The following describes specific steps of an automatic processing method for parts by means of specific examples.

Example 1:

aiming at the problem that the traditional automatic processing based on the characteristics can not meet the demands of users, the embodiment provides the concept of processing a sheet area, namely a certain sheet has the cross combination area of various characteristics with certain technological significance; the parts often comprise a large number of complex feature combination areas, namely various processing areas, such as various features are combined together in a crossed manner, or certain areas with certain technological significance are formed by simple arrangement, so that an automatic processing system is provided for the processing areas, and the whole recognition and technological multiplexing of the template of any complex processing area and any complex processing area are realized by extracting the whole part information and technological information of the processing areas and multiplexing the whole part information and the technological information in other similar areas of any part; the automatic processing system is composed of a rapid processing area input system and a rapid processing area process multiplexing system, as shown in fig. 5, the specific steps of using the automatic processing system to automatically process the parts include:

The first processing area is an area with specific processing technology characteristics and consists of a group of surfaces, edges, attributes and a plurality of processing methods which are arranged in sequence, and the processing area can be an area formed by freely combining, crossing, connecting and separating a plurality of traditional characteristics.

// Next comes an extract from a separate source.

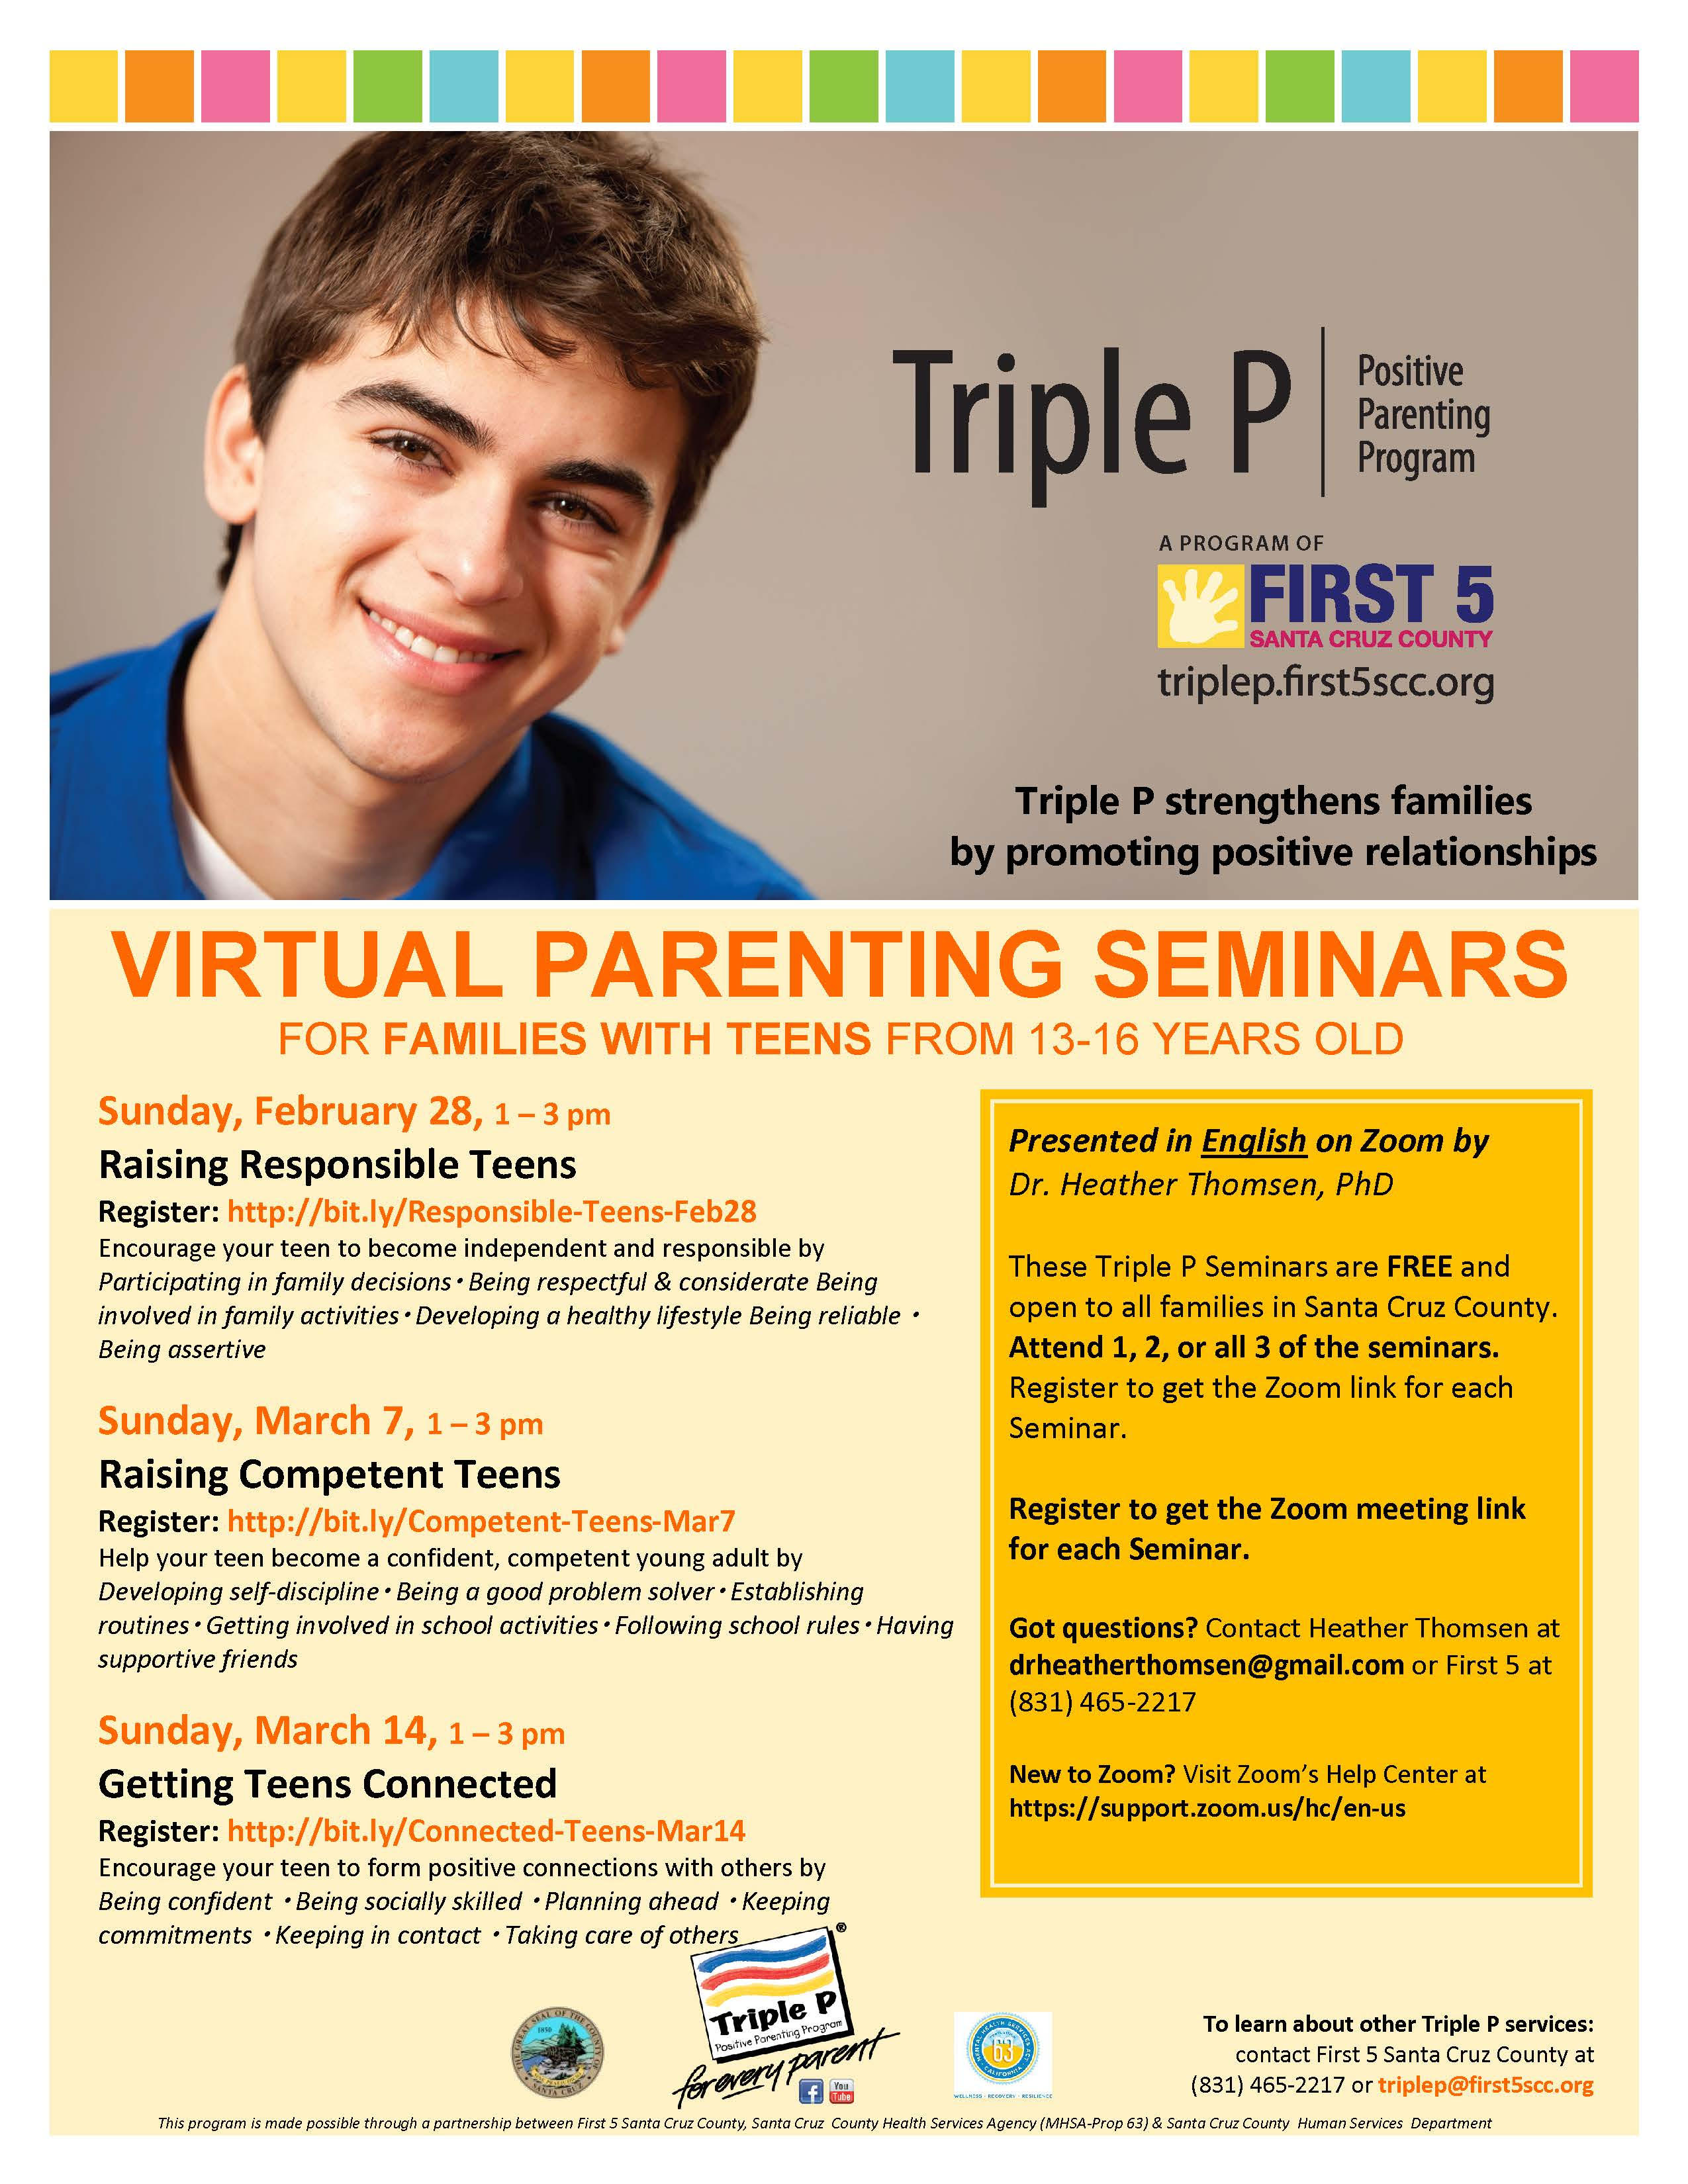 triple p parenting seminars call 831-465-2217 for details

Step two, as shown in fig. 6, starting a processing sheet area rapid entry system, extracting all information of a part selection area through the processing sheet area rapid entry system, and patterning: acquiring the data of the interested area selected by the user, namely the part selecting area, through a user selecting interface, and inputting the custom name of the processing area; and extracting all the information such as geometry, topology, attributes, processing methods and the like from the data of the selected area of the part, converting the information into neutral diagram data information (namely diagram data structure) and process information, and storing the neutral diagram data information (namely diagram data structure) and the process information into a knowledge base of the processed area, so that the new characteristic entering process is completed.

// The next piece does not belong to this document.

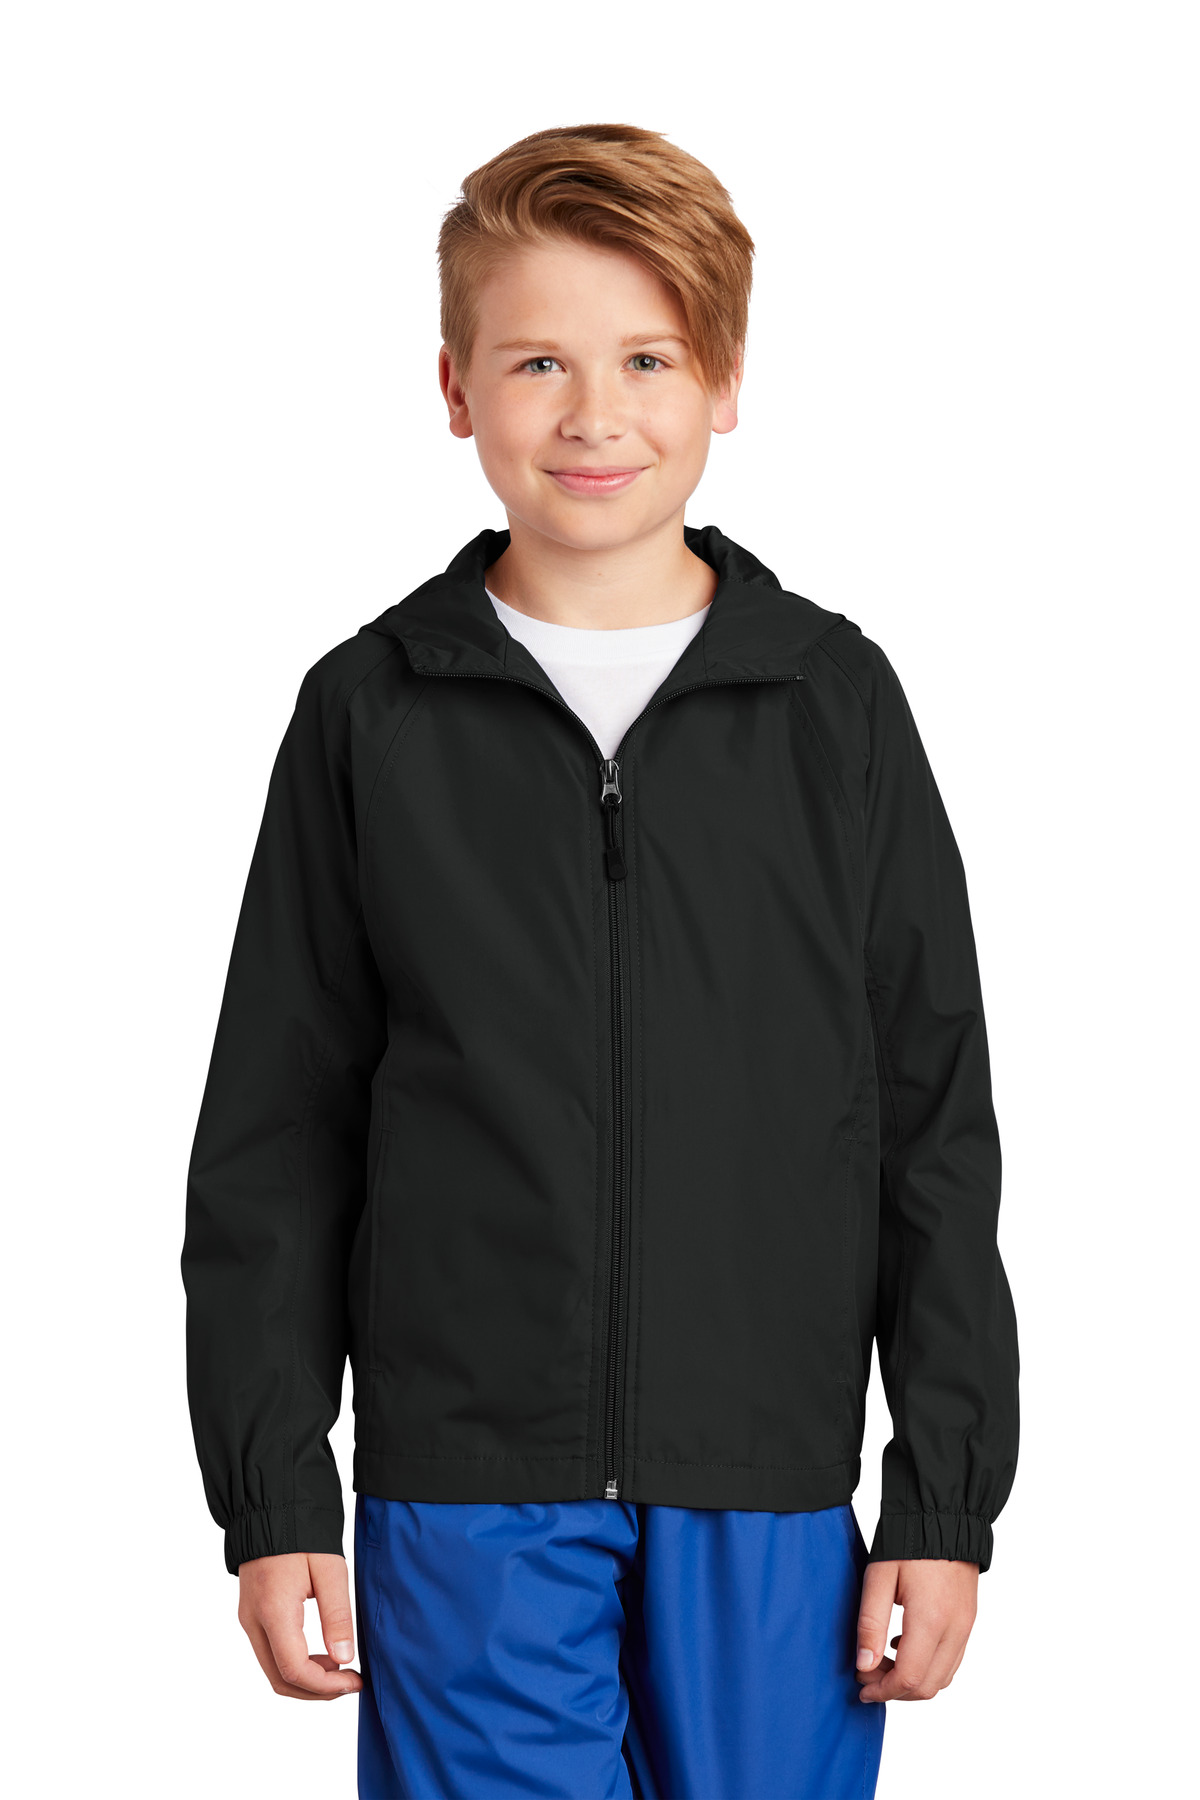 Sport-Tek Hospitality Youth Activewear & Outerwear ® Youth Hooded Raglan Jacket.-Sport-Tek

The neutral diagram data information corresponds to processing area data in the part model selected by a user, each node in the diagram data structure corresponds to each face and side geometrical entity in the part model, and the sides in the diagram correspond to connection relations among the geometrical entities. The geometrical information, PMI information and the like of each face and each side are used as attributes of the node, such as the face type, the maximum curvature, the minimum curvature and the like corresponding to the face node, and the side node corresponds to the side type, the length, the parameter equation, the parameter range and the like; and finally, taking the process information such as the whole process, the processing sequence, the processing scheme and the like of the processing sheet area as the additional information of the drawing, wherein the process information comprises the information such as drilling, spindle rotation speed 5000 and the like for subsequent process migration.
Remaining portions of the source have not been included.